Why ‘Religious Defamation’ Laws Would Ban Islam
Muslims should be careful what they ask for lest they get it.
By Raymond Ibrahim

Raymond Ibrahim is a Shillman Fellow at the David Horowitz Freedom Center.

Muslims everywhere—from the heads of the most prestigious institutions, such as Egypt’s Al Azhar, to the common rank and file—are calling for the international equivalent of their own blasphemy laws, which ban any critical or offensive talk against Islam and its prophet Muhammad, often on pain of death.

Although the recent beheading of a French teacher who “blasphemed” against the prophet of Islam is the occasion for this latest demand, in fact, Muslim calls to criminalize free speech against Islam regularly flare out whenever Muslims kill Westerners in the context of exercising their rights to free expression.

For example, in 2015, after Muslim gunmen killed 12 people at Charlie Hebdo offices for publishing satirical caricatures of Muslim prophet Muhammad, the Organization of Islamic Cooperation (OIC), the “collective voice of the Muslim world” and second largest inter-governmental organization after the United Nations, called—and is again predictably calling—for the United Nations to criminalize “blasphemy” against Islam, or what it more ecumenically calls, the “defamation of religions.”

Yet the OIC, Al Azhar, and countless other Muslim groups and individuals seem to miss the grand irony: if international laws would ban free speech, cartoons, books, and films on the basis that they defame Islam, they would also, by logical extension, have to ban the entire religion of Islam itself—the only religion whose core texts actively and unequivocally defame other religions, including by name.

To understand this, consider what “defamation” means. Typical dictionary-definitions include “to blacken another’s reputation” and “false or unjustified injury of the good reputation of another, as by slander or libel.” In Muslim usage, defamation simply means anything that insults or offends Islamic sensibilities.

However, to gain traction among the international community, the OIC and others cynically maintain that such laws should protect all religions from defamation, not just Islam (even as Muslim governments regularly ban churches, destroy crucifixes, and burn Bibles). Disingenuous or not, such wording suggests that any expression that “slanders” the religious sentiments of others should be banned.

What, then, do we do with Islam’s core religious texts—beginning with the Koran itself, which slanders, denigrates and blackens the reputation of other religions?

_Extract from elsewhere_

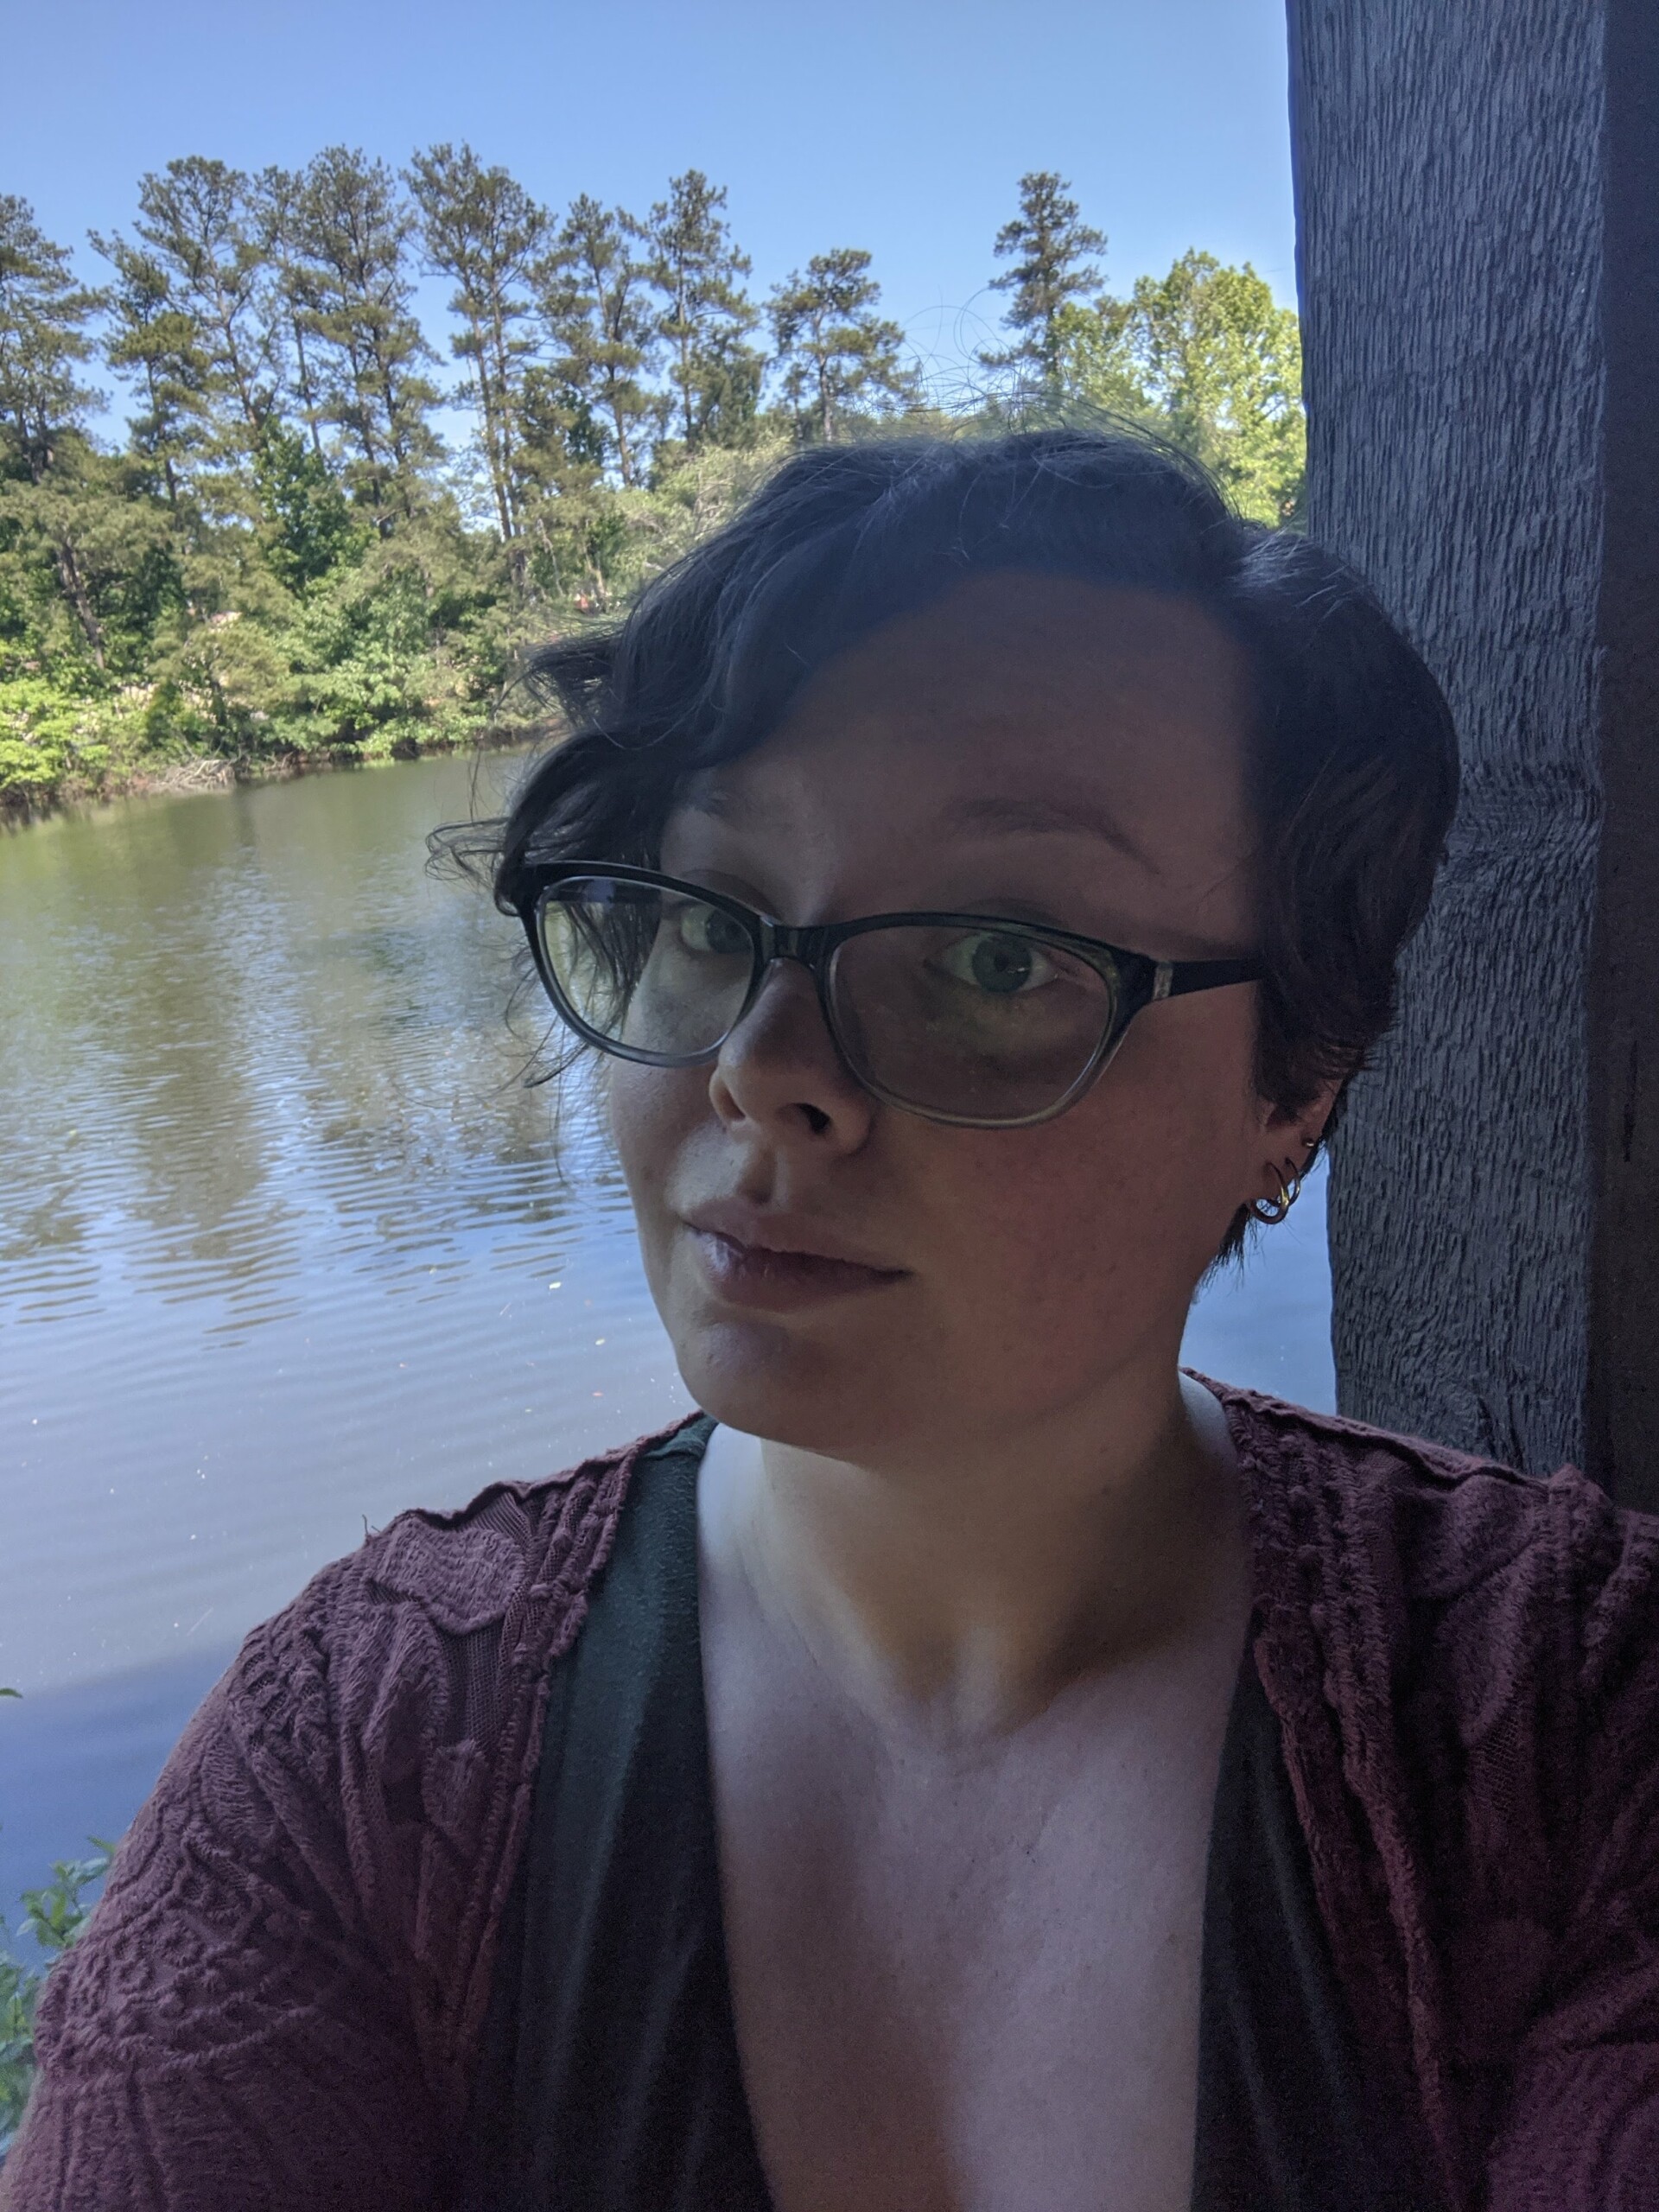 A young person with glasses and short brown hair in front of a lake.

Consider Christianity alone: Koran 5:73 declares that “Infidels are they who say God is one of three,” a reference to the Christian Trinity; Koran 5:72 says “Infidels are they who say God is the Christ, [Jesus] son of Mary”; and Koran 9:30 complains that “the Christians say the Christ is the son of God … may God’s curse be upon them!”

Considering that the word “infidel” (kafir) is not only Islam’s most derogatory term, but sharia requires Muslims to subjugate or kill infidels, what if a Christian book or Western cartoon appeared declaring that “Infidels are they who say Muhammad is the prophet of God—may God’s curse be upon them”? If Muslims would consider that a great defamation against Islam—and they would, with the attendant rioting, murders, etc.—then by the same standard it must be admitted that the Koran defames Christians and Christianity.

Similarly, consider how the Christian crucifix, venerated among millions, is depicted—is defamed—in Islam: according to canonical hadiths, when he returns, Jesus (“Prophet Isa”) will destroy all crosses; as for Muhammad, who never allowed the cross in his presence, he once ordered someone wearing a cross to “throw away this piece of idol from yourself.” Unsurprisingly, the cross is banned and often destroyed whenever visible in many Muslim countries.

What if Christian books or Western movies declared that the sacred things of Islam—say the Black Stone in Mecca’s Ka’ba, which Muslims venerate and adore while circumambulating—are “idolatry” and that Muhammad himself will return and destroy them? If Muslims would consider that defamation against Islam—and they would, with all the attendant rioting, murders, etc.—then by the same standard it must be admitted that Islamic teaching defames the Christian Cross.

Here is a particularly odious form of defamation against Christian sentiment, especially to the millions of Catholic and Orthodox Christians. According to Islam’s most authoritative Koranic exegetes, including the revered Ibn Kathir, Muhammad is in paradise married to and copulating with the Virgin Mary.

What if a Christian book or Western movie portrayed, say, Muhammad’s “favorite” wife, Aisha—the “Mother of Believers”—as being married to and having sex with a false prophet in heaven? If Muslims would consider that a great defamation against Islam—and they would, with all the attendant rioting, murders, etc.—then by the same standard it must be admitted that Islam’s most authoritative Koranic exegetes defame the Virgin Mary.

Nor is such defamation of Christianity limited to Islam’s core scriptures; modern day Muslim scholars and sheikhs agree that it is permissible to defame and mock Christianity. “Islam Web,” which is owned by the government of Qatar, even issued a fatwa that legitimizes insulting Christianity.

The grandest irony of all is that the “defamation” that Muslims complain about—and that prompts great violence and bloodshed around the world—revolves around things like cartoons and movies, which are made by individuals who represent only themselves; on the other hand, Islam itself, through its holiest and most authoritative texts, denigrates and condemns—in a word, defames—all other religions, not to mention calls for violence against them (e.g., Koran 9:29).

It is this issue, Islam’s perceived “divine” right to defame and destroy, that the international community should be addressing—not silly cartoons and films.

In the meantime, Muslims should be careful what they ask for.